Roll on the next misguided campaign to preserve an eyesore when attempts are made to knock over the Fisherman’s Wharf Markets. When will it end? Christopher Saint

Commenting on the story: Killing The Messenger: News Corp’s failed pitch to save suburban weekly

One must also note that when stopping delivery to many households, the company also changed the online access, which had been free, just like the printed copy to PAID access only through Adelaide Now website. Anne Smith

For a while I’ve been thinking every time I pick up my weekly Messenger newspaper: “Well, at least NewsCorp provides this for free.”

The last vestige of that corporation’s social conscience is about to be extinguished. Vale, Messenger. – Carol Faulkner

Commenting on the story: Knoll’s knot: His ‘complicated’ plan to fix Adelaide’s struggling public transport

A consummate performance by the transport minister in not answering questions. 

We tap on at the moment but we don’t tap off.” Surely Mr Knolls has used public transport in Melbourne at one point or another. The tapping on and off is an agreed nightmare that we have avoided here in Adelaide. It makes Melbourne people want to move here.

“I don’t think we would necessarily need to punish people that drive cars to get them to use public transport .”

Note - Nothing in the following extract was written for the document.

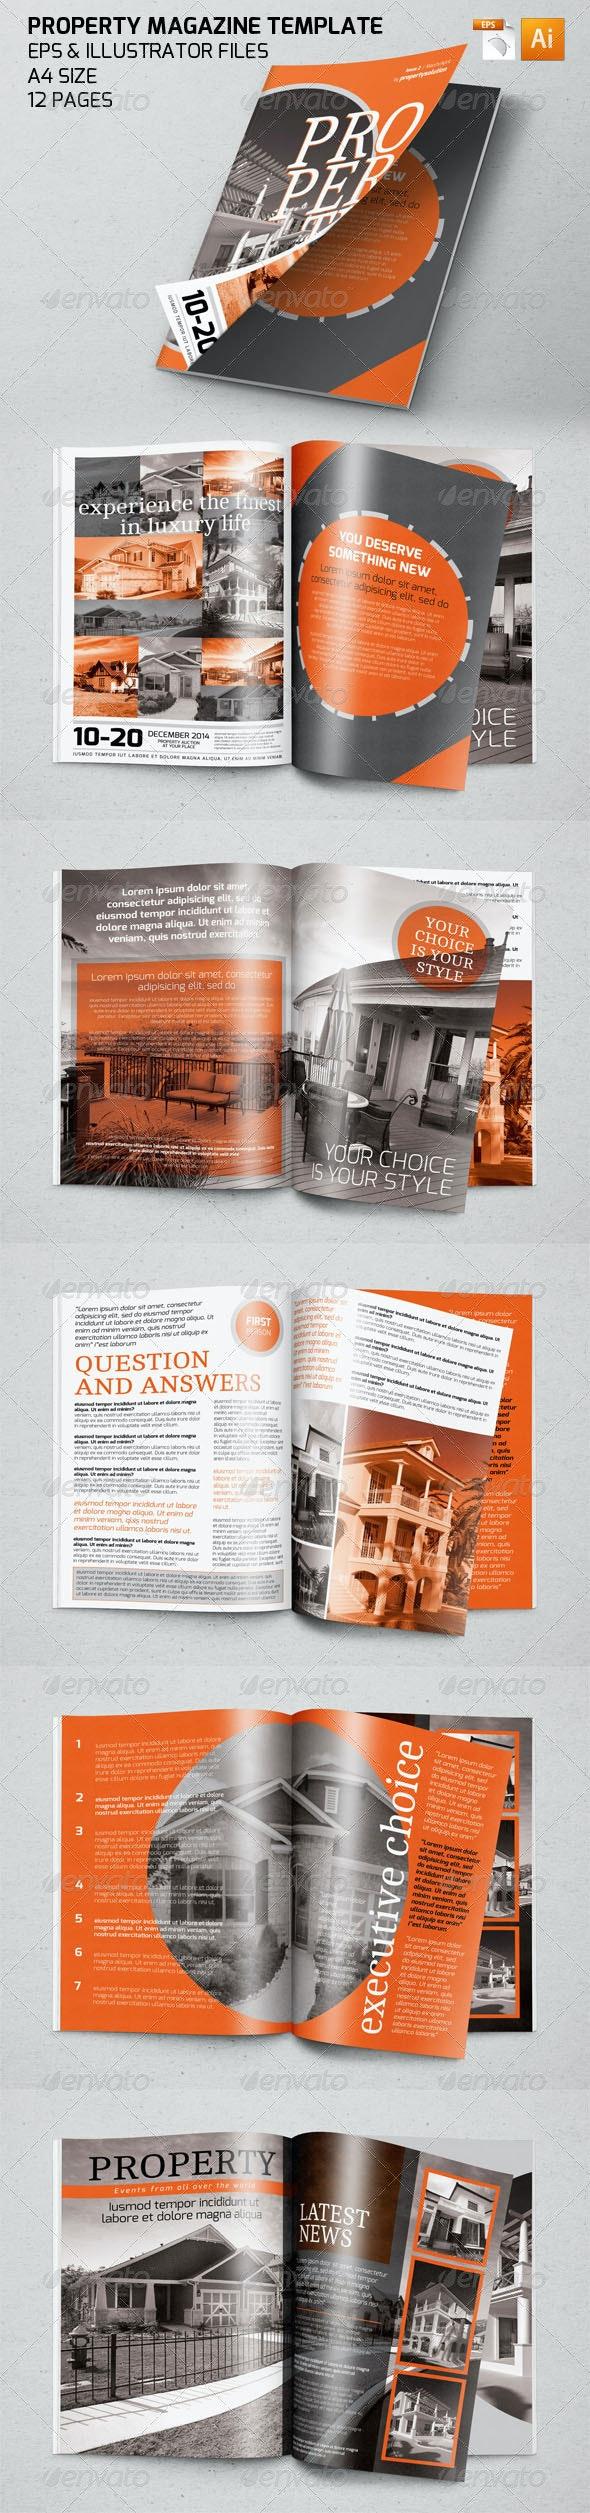 Property Magazine Template - Magazines Print Templates

This is a world first. All over the world people are being punished for not using public transport except car-addicted Adelaide, where apparently spending appalling amounts of money destroying South Rd and cutting the city into two is what? A strategy to get people to leave their car at home?

And this: “Every public transport expert I’ve spoken to over the past couple of weeks say that the way to increase patronage is to increase and improve bus services.” 


We have the makings of a bus service that could be so good if some money was thrown at it.

Pleased to hear that the experts all think that, though it seems exceedingly obvious to those who use the system.

But why do that when you can take money away from public transport and build more facilities for cars instead? Cathy Chua

Commenting on the story: Historic clipper ship City of Adelaide taking shape

I am delighted to see the City of Adelaide is in safe hands.

I was there when it came into Irvine harbour when it arrived wrapped in black plastic, and was forever known as the bin bag boat.     

Through the years she became part of the harbourside in dry dock and despite some valiant efforts to save her it was not to be.

We stood at the wharf as she was towed away and are left with the indentations of her resting place while she was here.

I wish you well in your journey to bring this wonderful historic clipper to her former glory. – June Watson, Irvine Ayrshire, Scotland.